Without changing a word, return the listing below, minus its images.

* **The data**
::::::

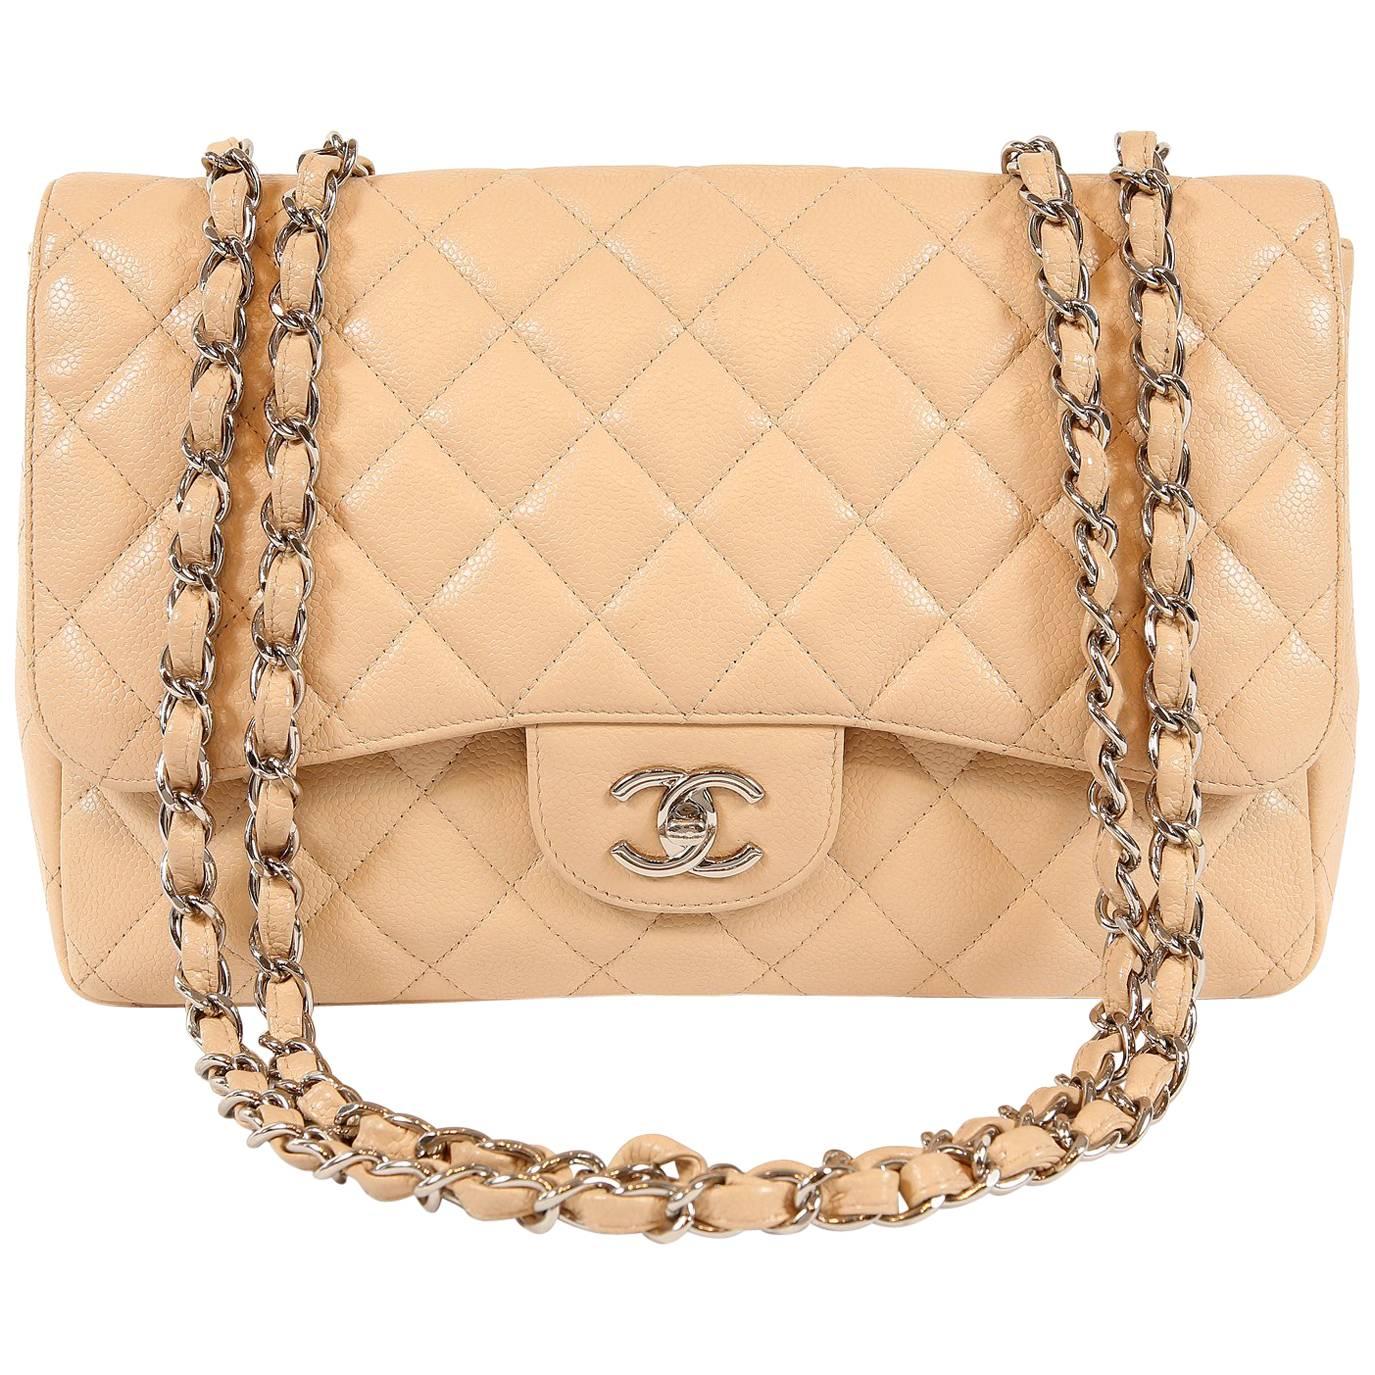 Chanel Beige Clair Caviar Leather Jumbo Classic Flap Bag with Silver HW
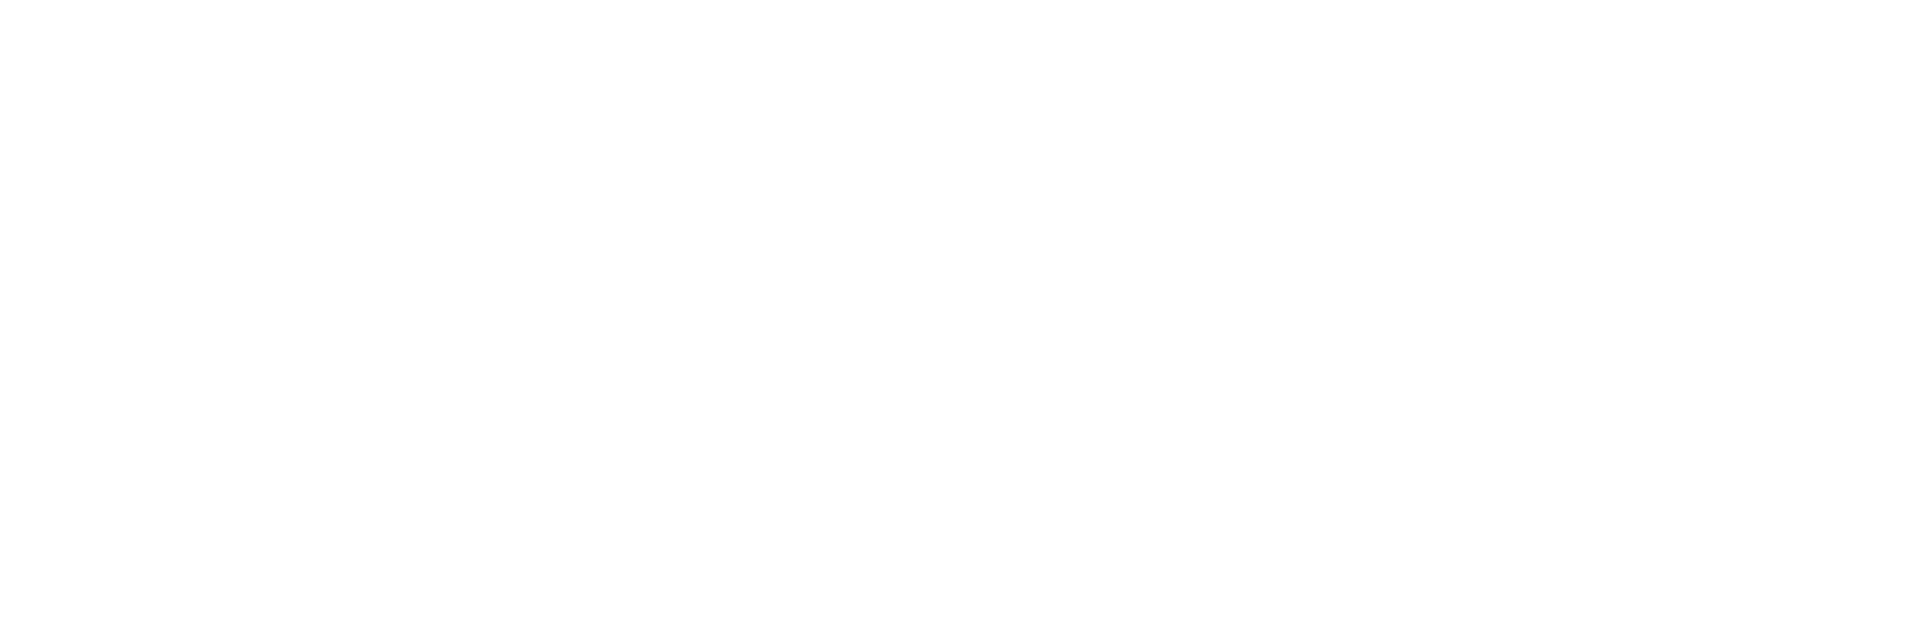 Illustration shows the differences in the tube sets and their connectors between 2022 and 2023 generation.
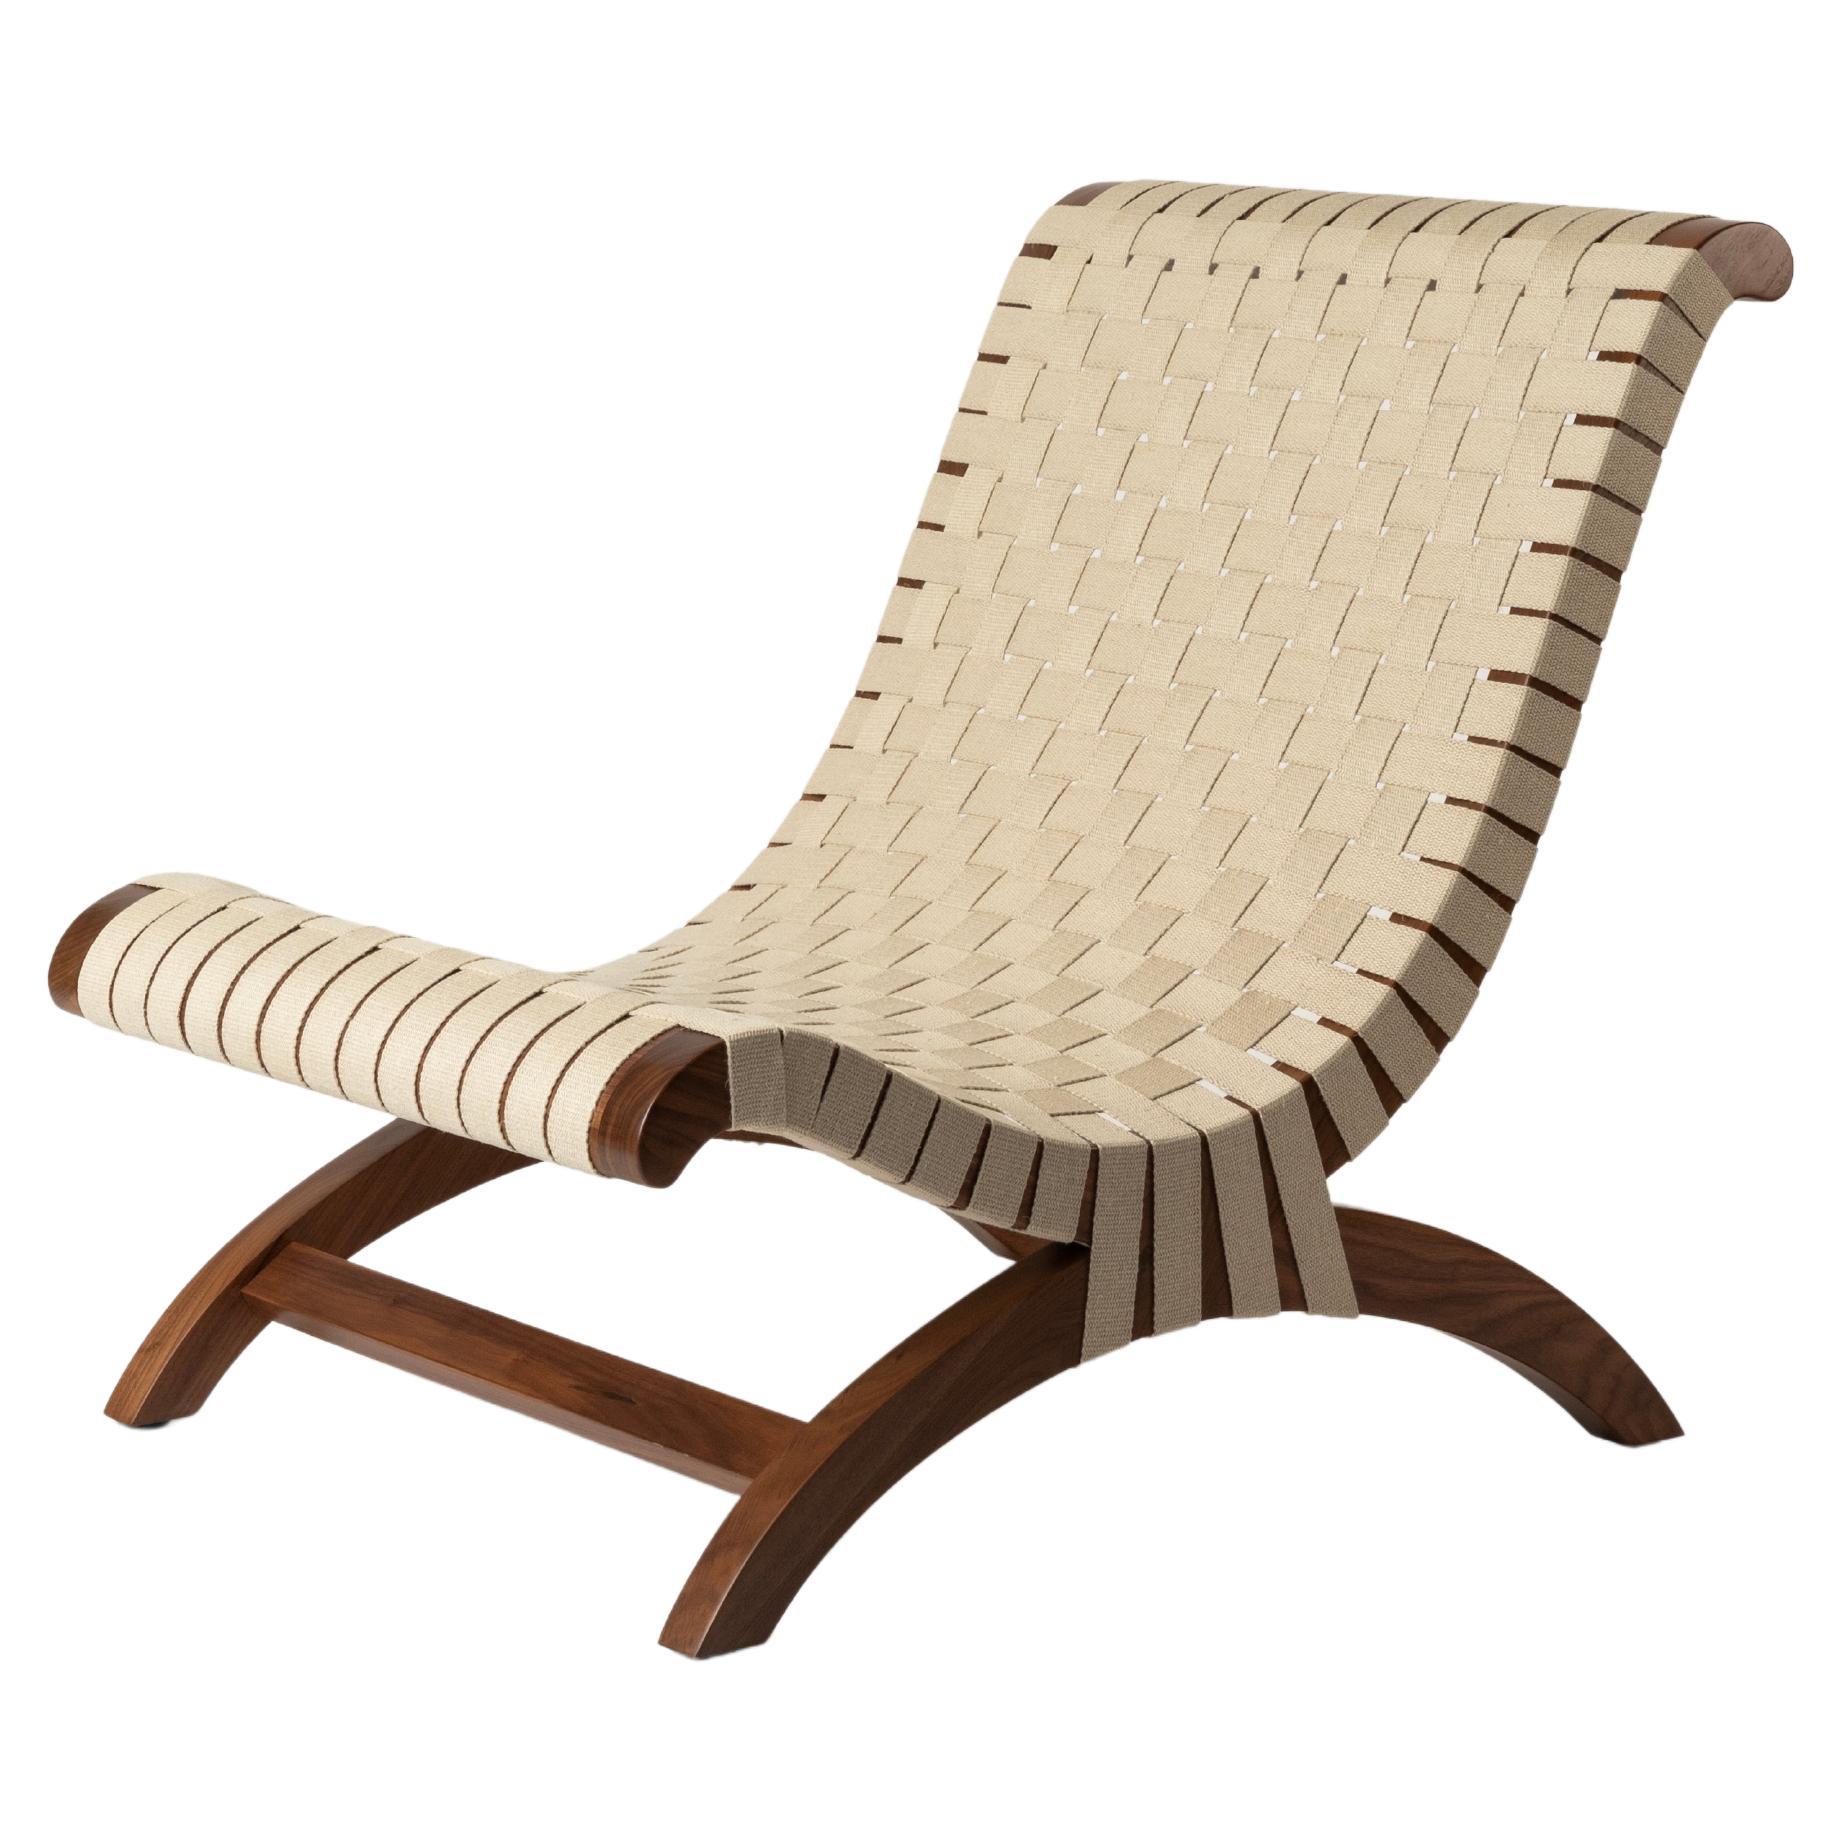 Clara Porset's Mexican Walnut & Hemp Butaque Chair, licensed reedition by Luteca For Sale

::::::

* **Answer to the problem**
 Chanel Beige Clair Caviar Leather Jumbo Classic Flap Bag with Silver HW
 Illustration shows the differences in the tube sets and their connectors between 2022 and 2023 generation.
 Clara Porset's Mexican Walnut & Hemp Butaque Chair, licensed reedition by Luteca For Sale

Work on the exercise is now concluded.